Reconfigurable Parallel Architecture of High Speed Round Robin Arbiter by Paul, Arnab et al.
  
Reconfigurable Parallel Architecture of High Speed 
Round Robin Arbiter 
 
Arnab Paul
1
, Mamdudul Haque Khan
2
, M. Muktadir Rahman
3
, Tanvir Zaman Khan
4
, Prajoy Podder
5
,  
 and Md. Yeasir Akram Khan
6 
1 
Department of ECE at Institute of Engineering & Management (IEM), Kolkata, India 
        
2,3,4,5 
Department of ECE at Khulna University of Engineering & Technology (KUET) 
Khulna-9203, Bangladesh 
6 
Department of EEE at Rajshahi University of Engineering & Technology, Rajshahi, Bangladesh 
arnobpaul11@gmail.com
1
, mamdudulhaque@gmail.com
2
, muktadir2k9@gmail.com
3
, tzkhan19@gmail.com
4
, 
prajoypodder@gmail.com
5
, yeasir.akram@gmail.com
6 
 
 
Abstract— With a view to managing the increasing traffic in 
computer networks, round robin arbiter has been proposed to 
work with packet switching system to have increased speed in 
providing access and scheduling. Round robin arbiter is a 
doorway to a particular bus based on request along with equal 
priority and gives turns to devices connected to it in a cyclic 
order. Considering the rapid growth in computer networking 
and the emergence of computer automation which will need 
much more access to the existing limited resources, this paper 
emphasizes on designing a reconfigurable round robin arbiter 
over FPGA which takes parallel requests and processes them 
with high efficiency and less delay than existing designs. 
Proposed round robin arbiter encounters with 4 to 12 devices. 
Results show that with 200% increment in the number of 
connected devices, only 2.69% increment has been found in the 
delay.

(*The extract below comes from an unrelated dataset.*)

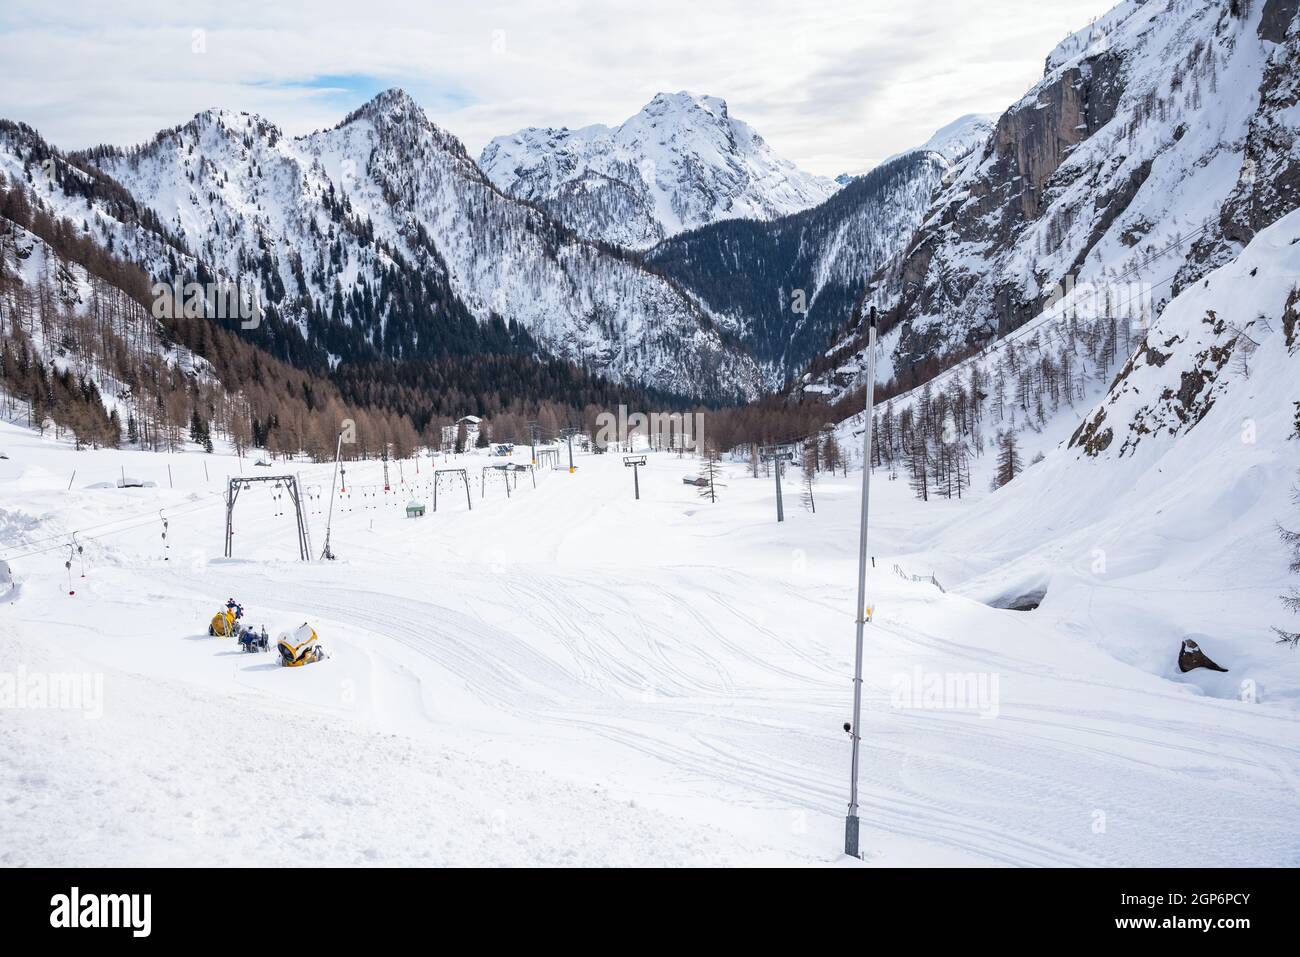 Desiertas pistas de esquí rodeadas de majestuosos picos nevados en los Alpes en invierno Foto de stock

With less delay, proposed round robin arbiter exhibits 
high speed performance with higher traffic, which is a new 
feature in comparison with the existing designs. 
Keywords— ASM; round-robin arbiter; turn hit; turn miss; 
verilog HDL 
I.  INTRODUCTION 
Due to rapid growth in the computer automation sector and 
computer networking, many devices are seemed to share some 
common resources. Considering both circuit switching and 
packet switching technique scenario– they both have some 
limitations. Circuit switching has trunk limit and packet 
switching has buffer limit. Now considering the scenario that 
two users intend to access a single bus at the same time, what 
will happen? Considering the limitations, a collision may 
occur and an obvious data loss will happen. Besides there will 
be unnecessary data flooding and misuse of bandwidth. To 
compensate this, an access manager block is needed. The 
access manager block acts as a door way to the bus. It collects 
requests, processes the requests, makes decisions and open or 
close the gateway for the particular request. While processing 
the requests, several considerations may come like equal 
priority, circular rotation etc. Round Robin Arbitration is a 
simple time slice scheduling which takes parallel requests and 
allows each requester a share of the time in accessing a 
memory or a limited processing resource in a circular order.  
 
Fig. 1.  Round Robin Arbiter 
Its basic algorithm implies that once a requester has been 
serves he would “go around” to the end of the line and be the 
last to be served again [11]. Round robin arbiter is used for 
arbitration for shared resources, networking, queuing systems, 
and resource allocation [10]. It ensures fairness where none of 
the requests are suffering from starvation [11], [6]. 
II. RELATED WORKS 
K. C. Lee proposed a round robin arbiter for high speed 
application [9]. In his paper, he mainly concentrated on the 
design procedure and fairness of round robin arbiter. He found 
good fairness but there was no re-configurability. The delay 
time made the architecture suitable for lower number of 
requesting devices but higher number of requesting devices 
will make that round robin arbiter to work with much delay. 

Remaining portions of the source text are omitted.